Intelligence décisionnelle est un domaine plus spécialisé qui se concentre sur l’utilisation des données pour prendre des décisions. Les professionnels utilisent des techniques de science des données pour développer des modèles de décision, qui sont des modèles mathématiques ou statistiques qui peuvent être utilisés pour faire des prédictions ou des recommandations. Les professionnels travaillent également avec les parties prenantes de l’entreprise pour comprendre leurs besoins en matière de prise de décision et pour s’assurer que les modèles de décision sont utilisés efficacement.
En d’autres termes, la science des données concerne compréhension données, tandis que l’intelligence décisionnelle concerne en utilisant données pour prendre des décisions.

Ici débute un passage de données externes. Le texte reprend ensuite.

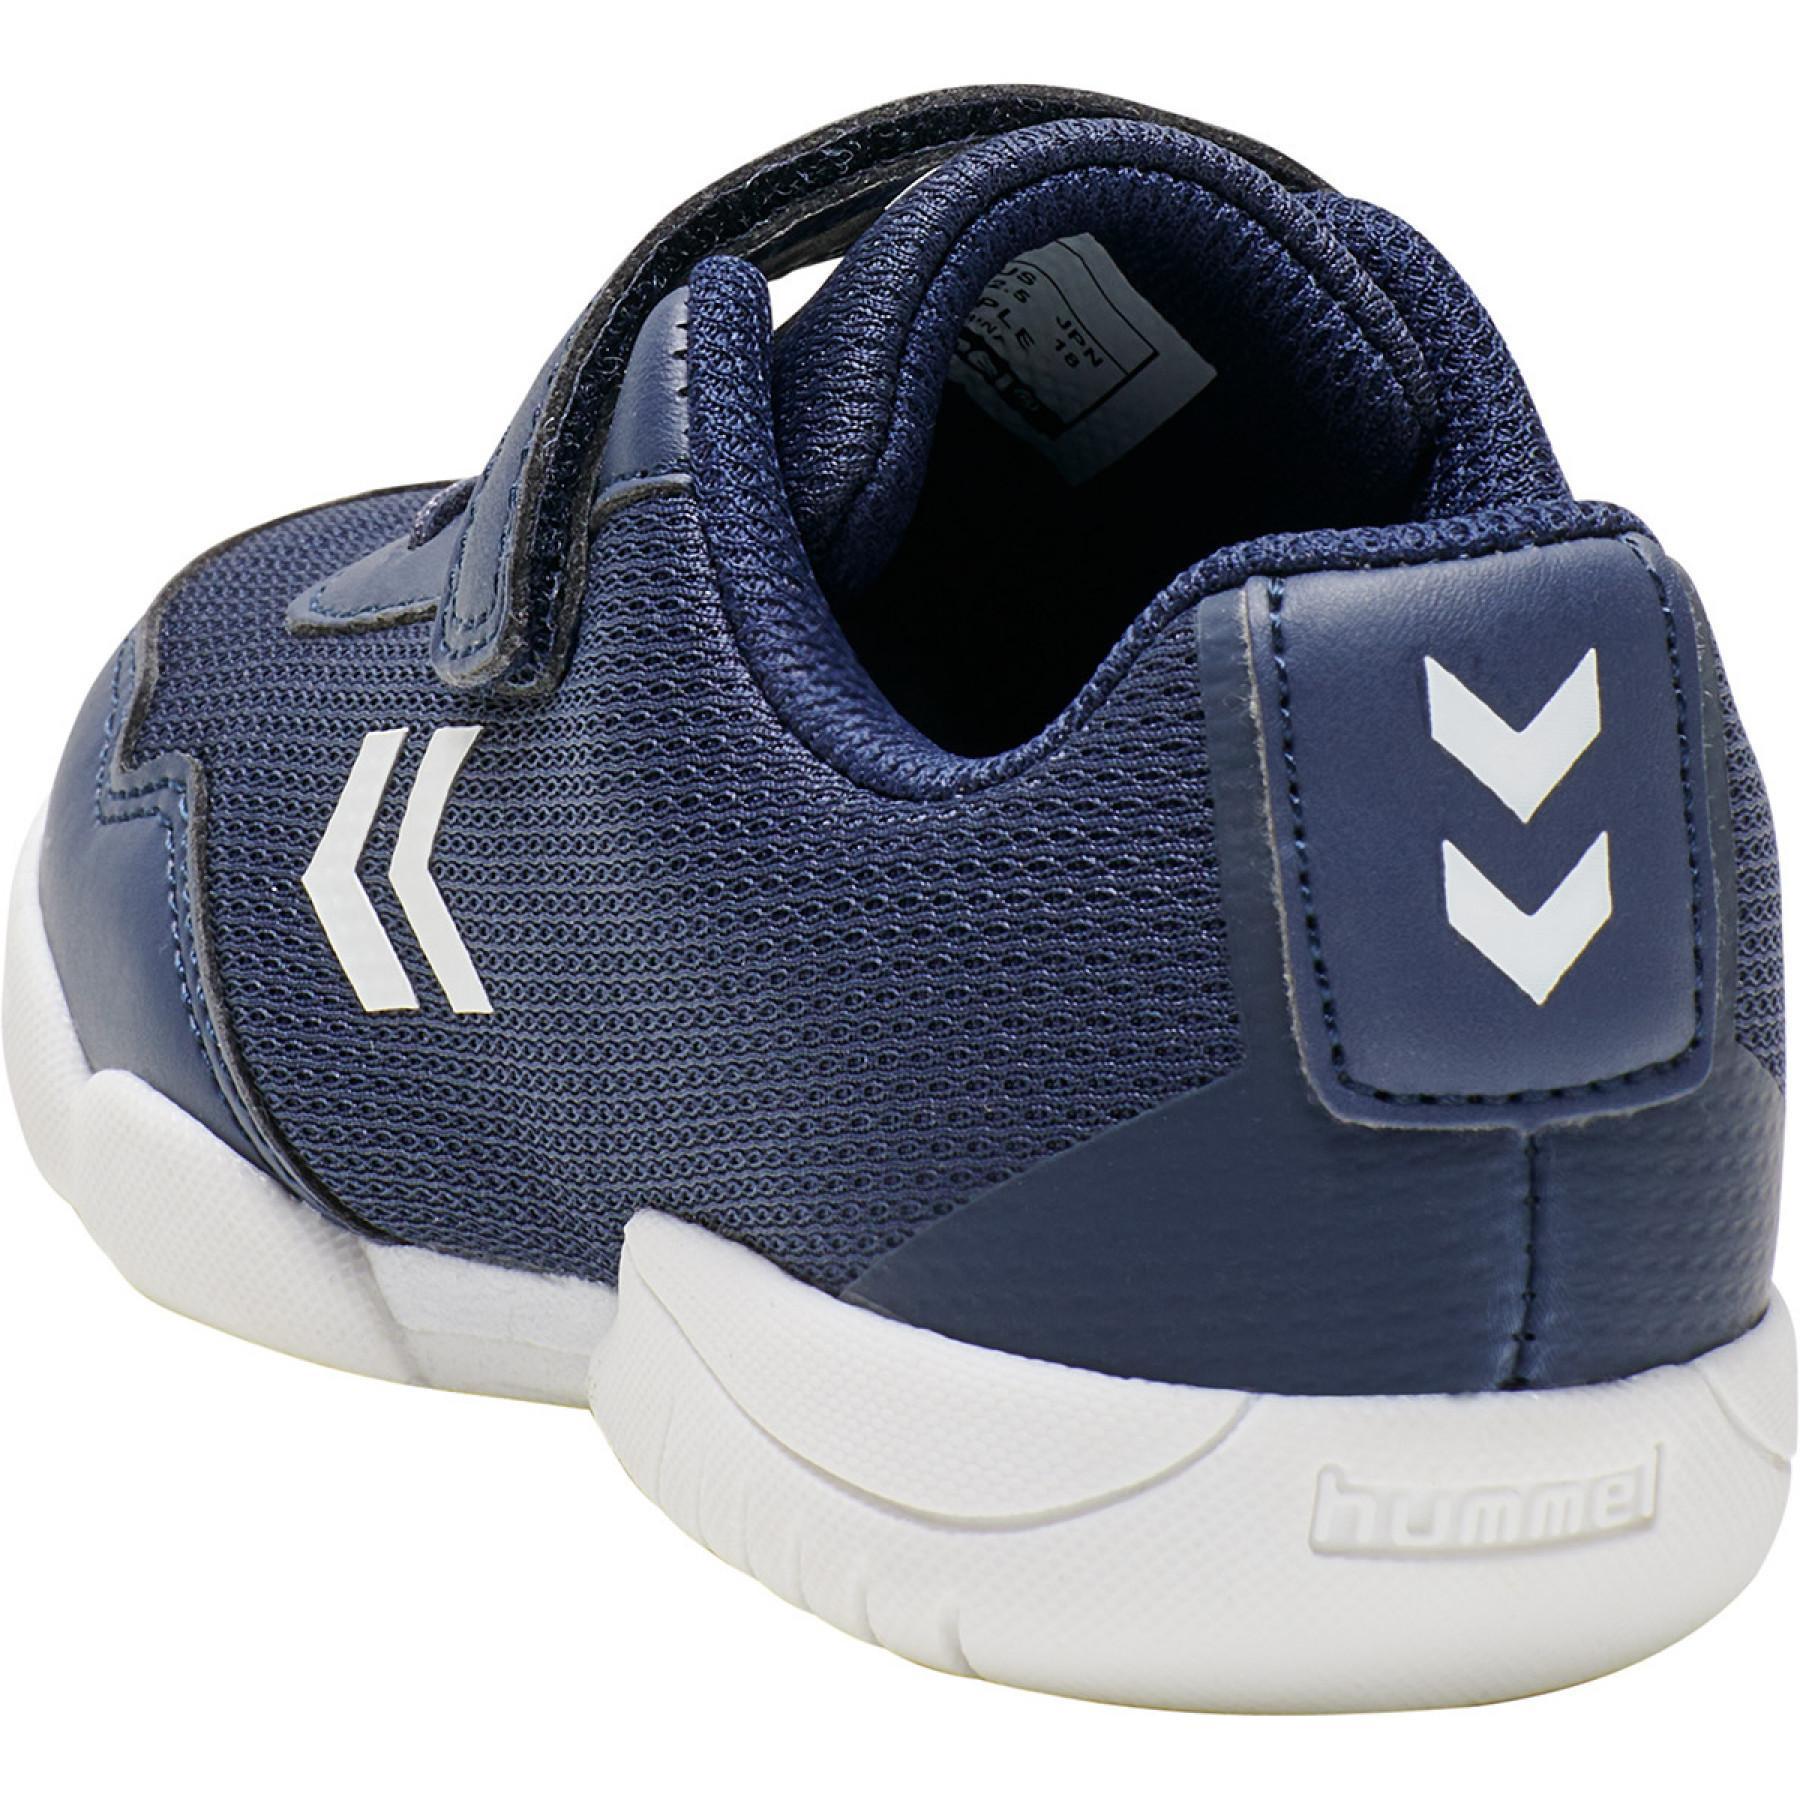 Junior sneakers Hummel Aero Team Vc

Voici un tableau qui résume les principales différences entre la science des données et l’intelligence décisionnelle :
Fonctionnalité | Science des données | Intelligence décisionnelle |
---|---|---|
Se concentrer | Comprendre les données | Utiliser les données pour prendre des décisions |
Outils et techniques | Analyse statistique, apprentissage automatique, traitement du langage naturel | Techniques de science des données, plus sens des affaires |
Résultats | Aperçus, modèles | Prédictions, recommandations |
Parties prenantes | Data scientists, ingénieurs, chercheurs | Les chefs d’entreprise |
Comme vous pouvez le constater, la science des données et l’intelligence décisionnelle sont des domaines complémentaires. La science des données fournit la base de l’intelligence décisionnelle, mais l’intelligence décisionnelle nécessite une compréhension des besoins de l’entreprise et la capacité de communiquer avec les décideurs.
En pratique, de nombreux scientifiques des données travaillent également dans des rôles d’intelligence décisionnelle. En effet, les scientifiques des données ont les compétences et l’expérience nécessaires pour développer et utiliser des modèles de décision. Alors que le domaine de l’intelligence décisionnelle continue de se développer, nous pouvons nous attendre à voir encore plus de data scientists travailler dans ce domaine.
Crédit image en vedette : Photo par Google DeepMind sur Unsplash.